Can the Air Force follow a naval lead in bending its cost curve?


Here at the Atlantic Council last night, Air Force Secretary Deborah Lee James delivered an address on how her department wants to “bend the cost curve” in armaments. To review the reference, the cost curve is the concept in  economics which relates unit cost to units produced. The problem, she said, was that the Air Force Department (and I say arguably the Navy Department too) have been spending “more and more to get less and less.” Bureaucratic sclerosis and risk-aversion aren’t helping: the secretary was “horrified” to learn that her department takes an average of 17 months to award even a sole-source contract. So, while not quite fearing an end of history through Augustine’s Sixteenth Law, she announced three initiatives aimed at fixing the problem. She intends to enhance cooperation with industry, expand the number of competitors for the Air Force’s business, and improve the Air Force’s internal procurement processes. That’s all very logical, but we know so because announcements like this are not new.

That’s because Stalin’s line about the quality of quantity has both narrative power and analytical support. Visions of swarming, networked drones are yet just visions, but technological progress in machine learning may continue apace awhile, even if Moore’s Law runs out. More concretely, research by Wayne Hughes and John Schulte at the Naval Postgraduate School has argued that numbers of ships will matter greatly in missile combat at sea, and that the defensive power of those phased-array radars and rows of anti-aircraft missiles is overestimated. Then there’s that infamous briefing from RAND about what happens when those never-so-few stealth fighters run out of ammunition. If this is valid, then the Navy and Air Force have definitely been spending more to get not just fewer ships and aircraft, but less staying power in the fleet.
Either way, hedging that bet might be worth a modest investment. Let me recall the strong signal on Tuesday at the Surface Navy Association meeting in Crystal City. There Vice Admiral Rowden, Commander US Naval Surface Forces, described his vision for prioritizing lethality throughout the surface fleet. Given his cost constraints, he finds that the most logical means of increasing that lethality is distributing it. The admiral ultimately wants to arm not just his cruisers and destroyers with long-range anti-ship missiles, but his frigates, landing ships, and even auxiliaries. No potential enemy will be able presume that the super-carrier group is the center of all American naval power. Rather, American attacks may swarm in from surface groups along any bearing. That’s important, because the number of American super-carrier groups is not and will not be increasing. As even carrier enthusiast Bryan McGrath put it today, ‘platform-agnostic is economical’; so from here on in the Navy, “if it floats, it fights.”

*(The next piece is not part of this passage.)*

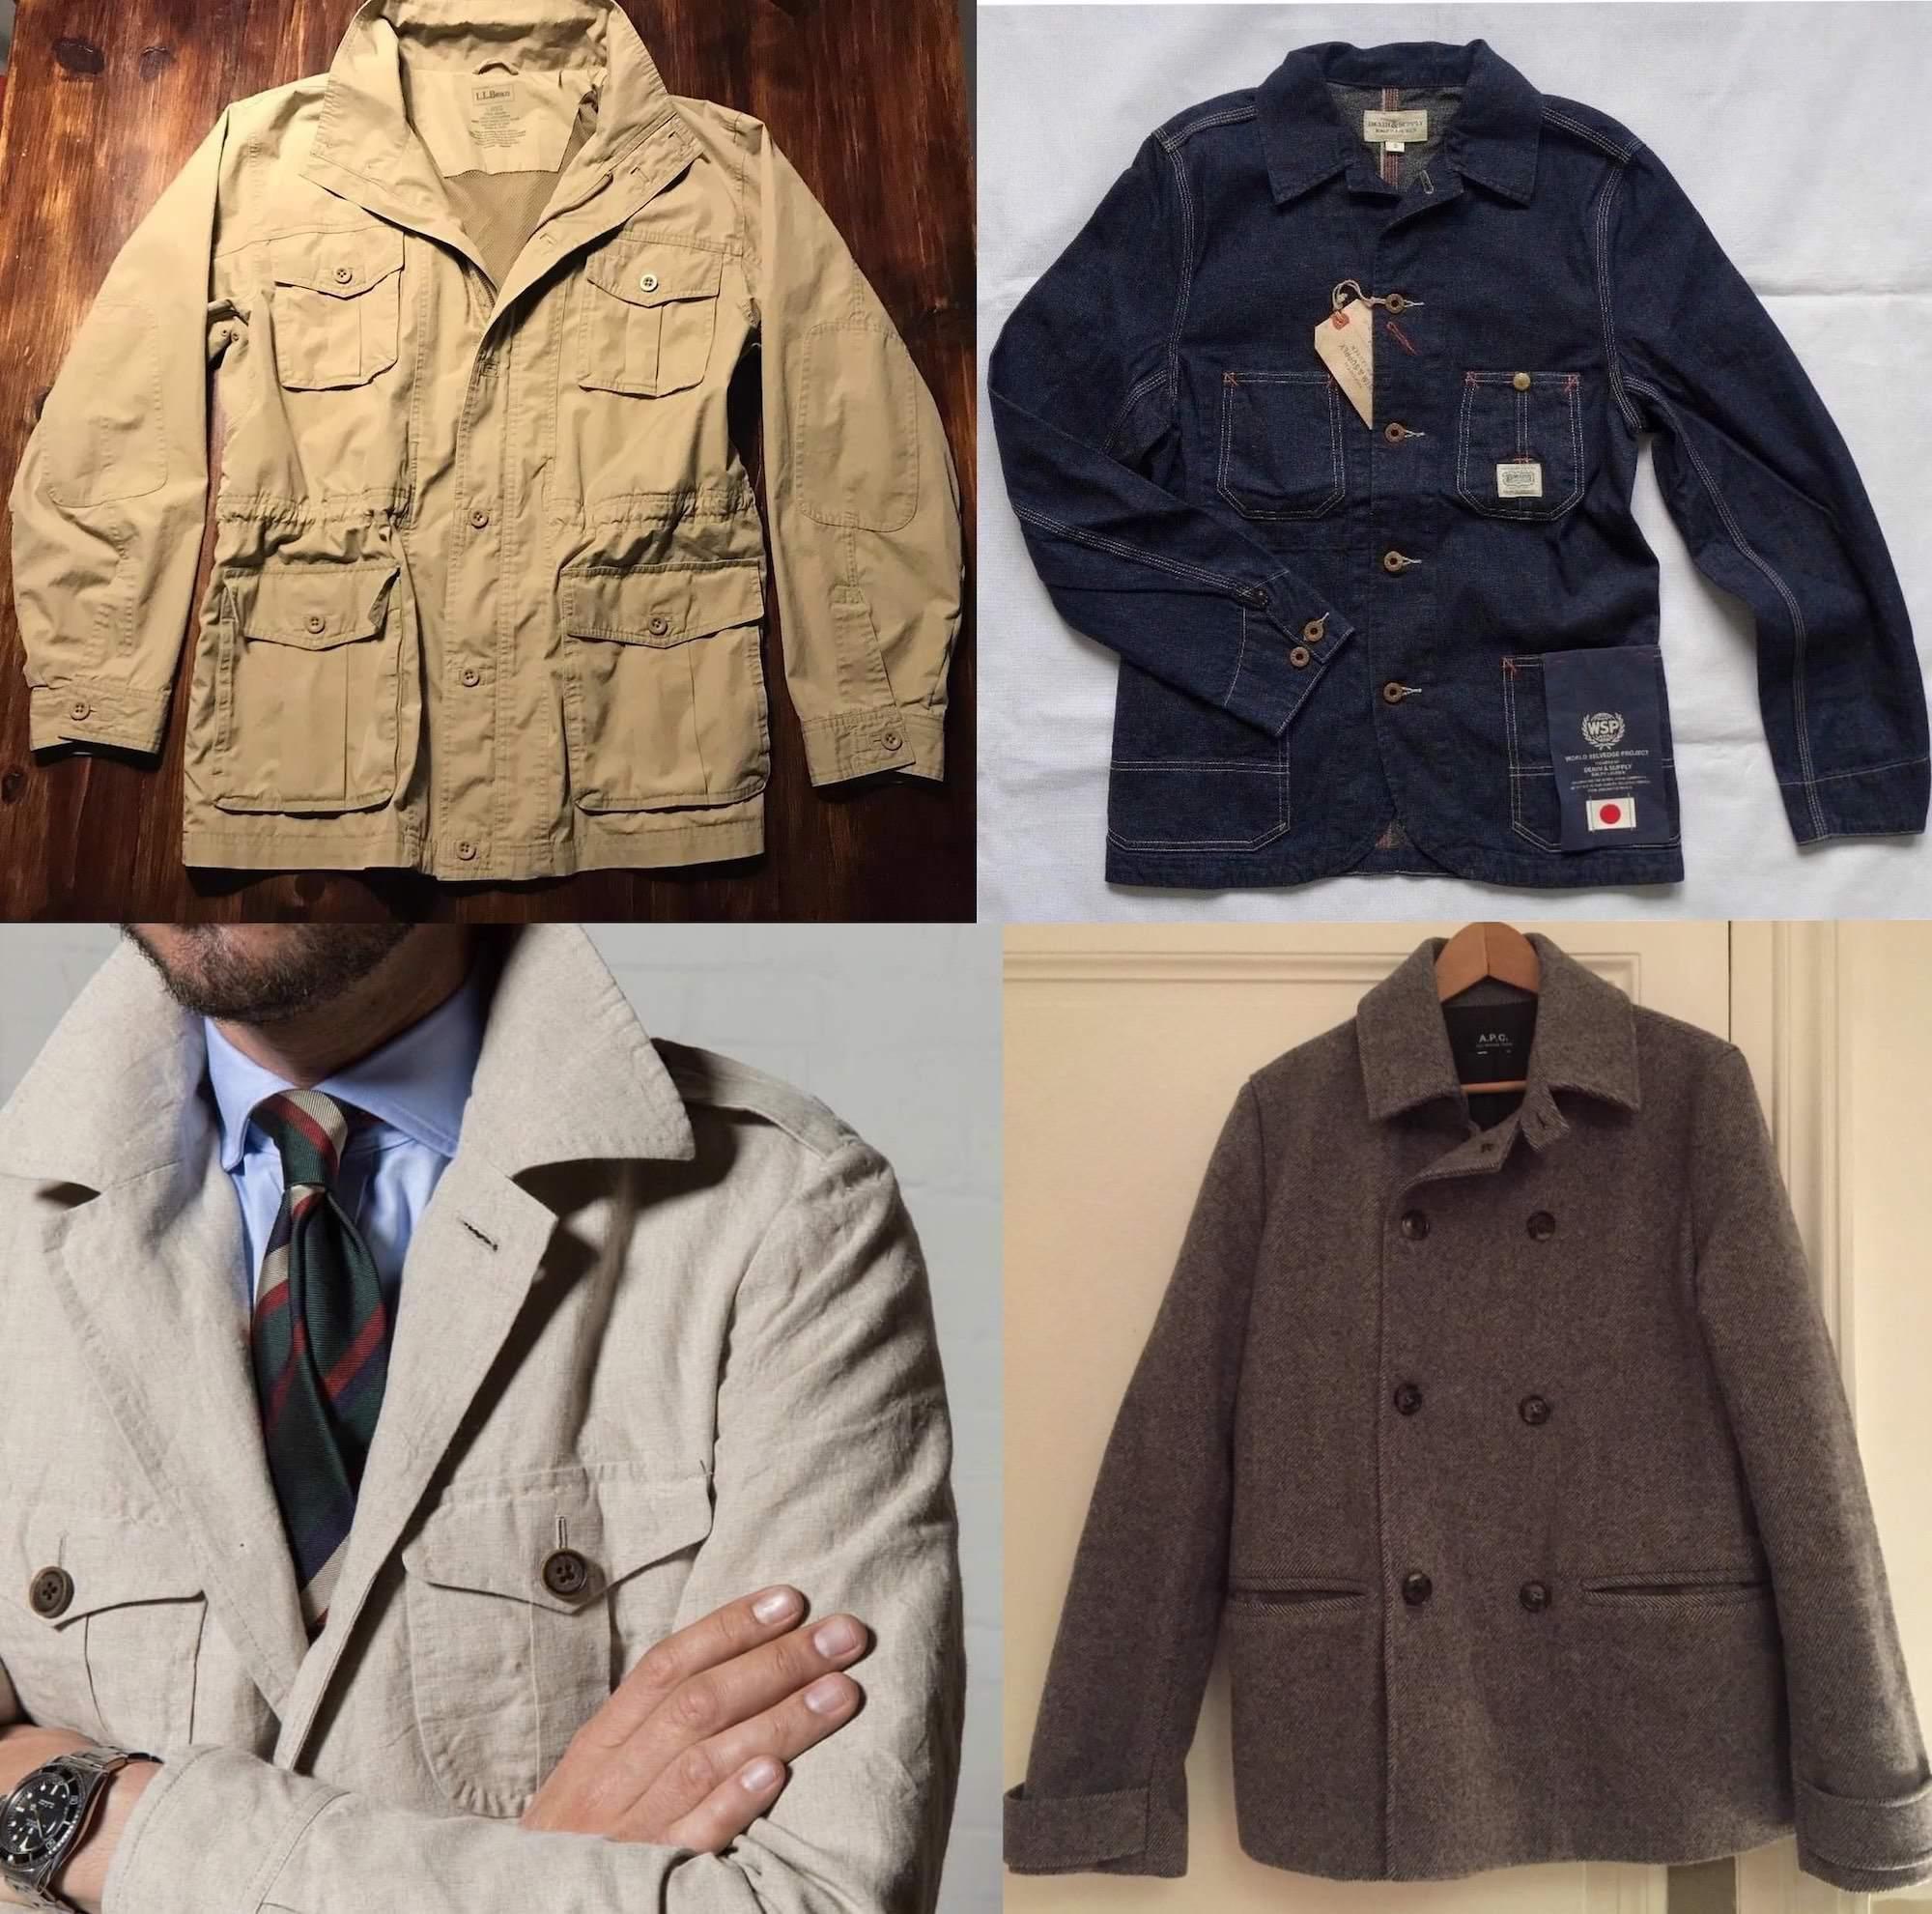 manteaux homme vintage selection

Missiles on auxiliaries may be a fetching idea, but the idea can be extended. How about weapons and sensors and relays on tanker aircraft? The Marine Corps flies a good deal too, and has forged some clever innovations with its Harvest Hawk program. Those KC-130s have been around for decades, and will be for decades more, in yet more guises. If they fly, and fly for considerable cost, should not they fight? Fairly, one of Secretary James’ more intriguing announcements was the $2 million prize the Air Force is offering for a new medium-sized turbine engine. Why? Because a more efficient engine, she said, would be particularly important for future drones—another way of distributing combat power. It’s entirely possible that there are some wild-but-workable unmanned ideas floating around that vast black budget. And distributing fighting power with smaller weapons and platforms is one of the ways to lure more potential contractors into bidding on more programs.
What could all this mean for the Air Force? There are multiple ways of bending cost curves, but with different time horizons. At the dinner following our event, I took particular note of the observation that secretaries have limited opportunity to overhaul the way their services fight. This is not news either: HMS Victory was forty years old when she served as flagship at Trafalgar. But even as they keep a weather eye on twenty or thirty-year problems of training and equipping, leaders can make small changes that demonstrate hitherto unconsidered operational alternatives. The question, then, is not whether Secretary James and Assistant Secretary Laplante have stumbled onto a novel three-part management strategy. They have not. But facing their cost constraints, they probably have greater determination than some of their predecessors to make those eminently sensible strategies stick. If they start with some small wins, they may more clearly signal resolve and build a culture of deck-plate innovation and risk-taking that the Air Force seems to have lost.
James Hasík is a senior fellow at the Brent Scowcroft Center on International Security.